▸ **Goal of the exercise**
Only the lines from the one containing "lunghezza alla caviglia." through the last line below belong in your copy; transcribe them exactly and omit any pictures.

▸ **Data section**
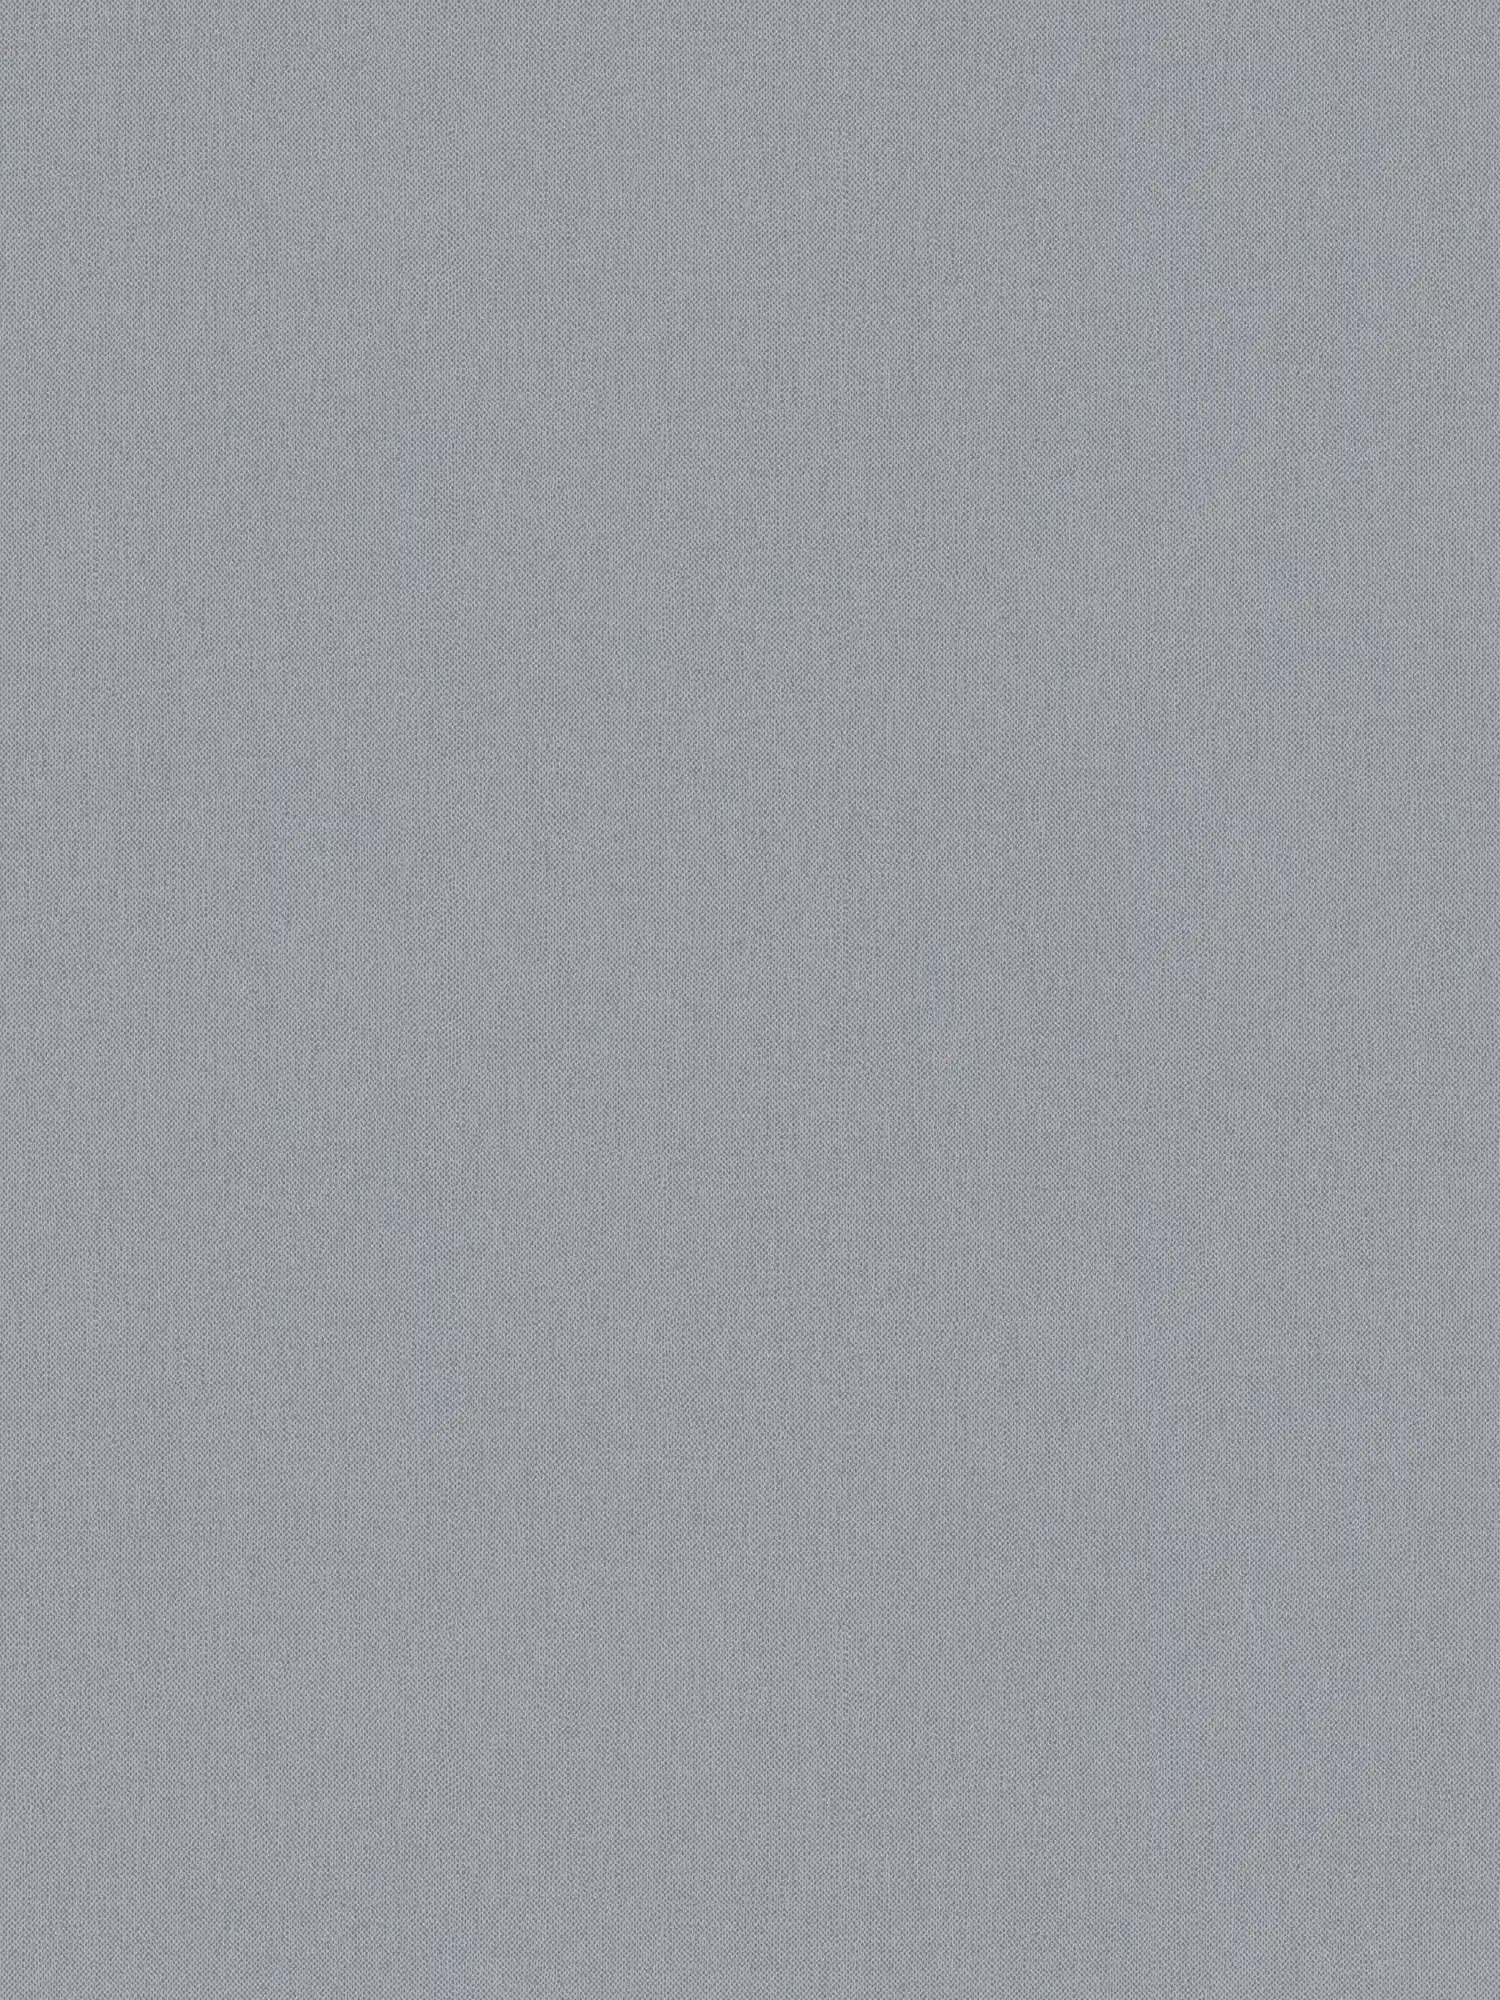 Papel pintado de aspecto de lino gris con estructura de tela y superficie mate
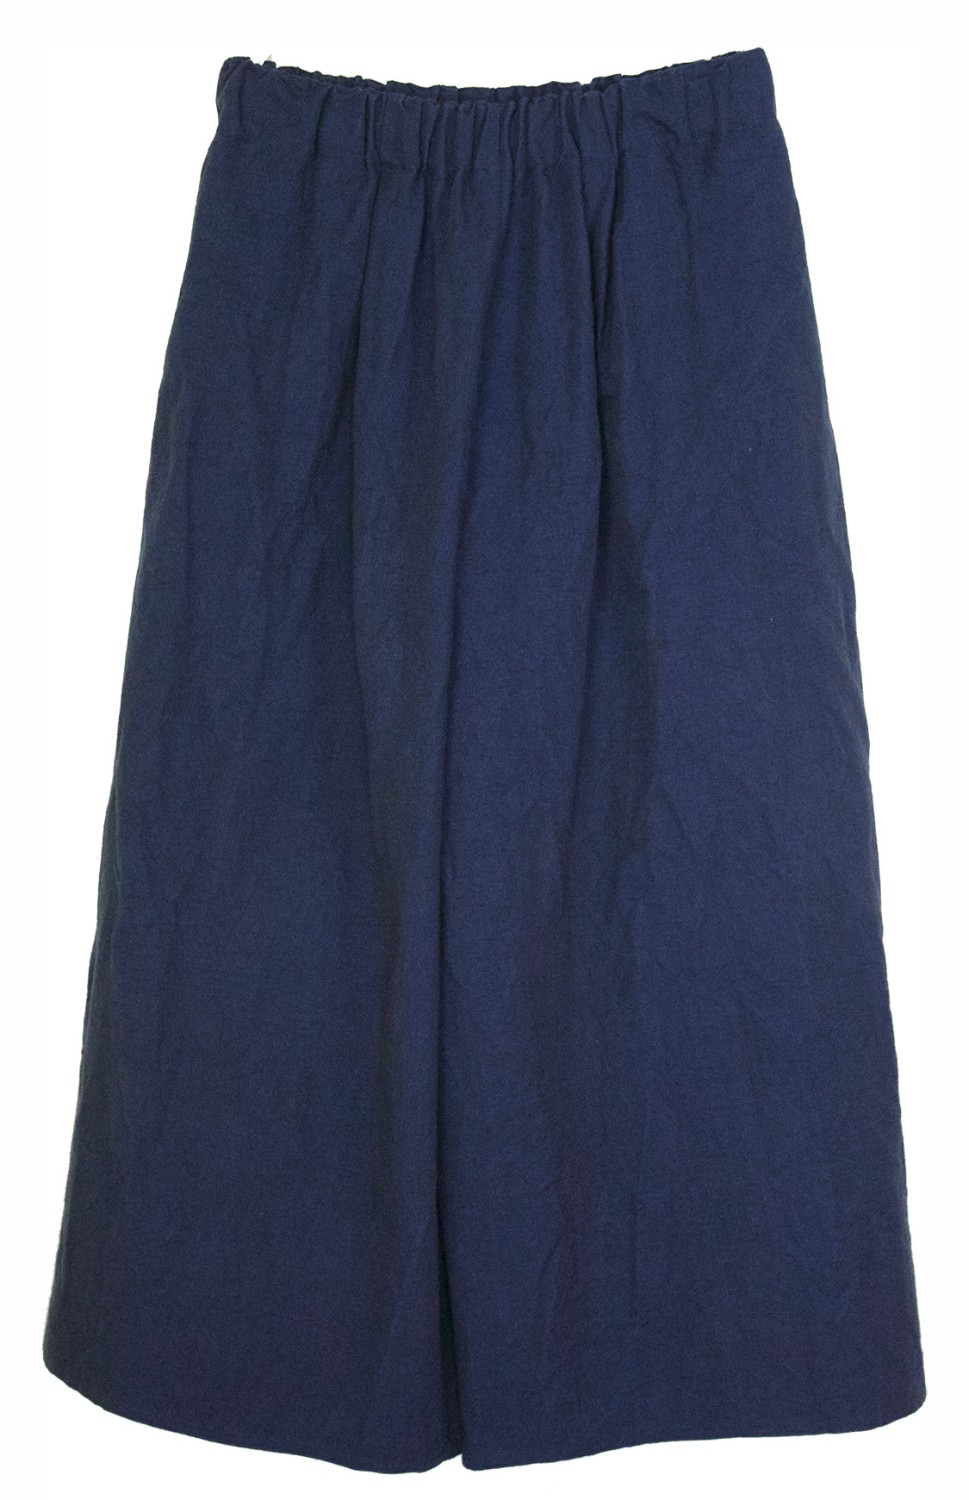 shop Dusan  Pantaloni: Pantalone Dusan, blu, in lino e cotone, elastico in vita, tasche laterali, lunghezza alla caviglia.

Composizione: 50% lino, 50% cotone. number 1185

▸ **Response to the exercise**
 shop Dusan  Pantaloni: Pantalone Dusan, blu, in lino e cotone, elastico in vita, tasche laterali, lunghezza alla caviglia.

Composizione: 50% lino, 50% cotone. number 1185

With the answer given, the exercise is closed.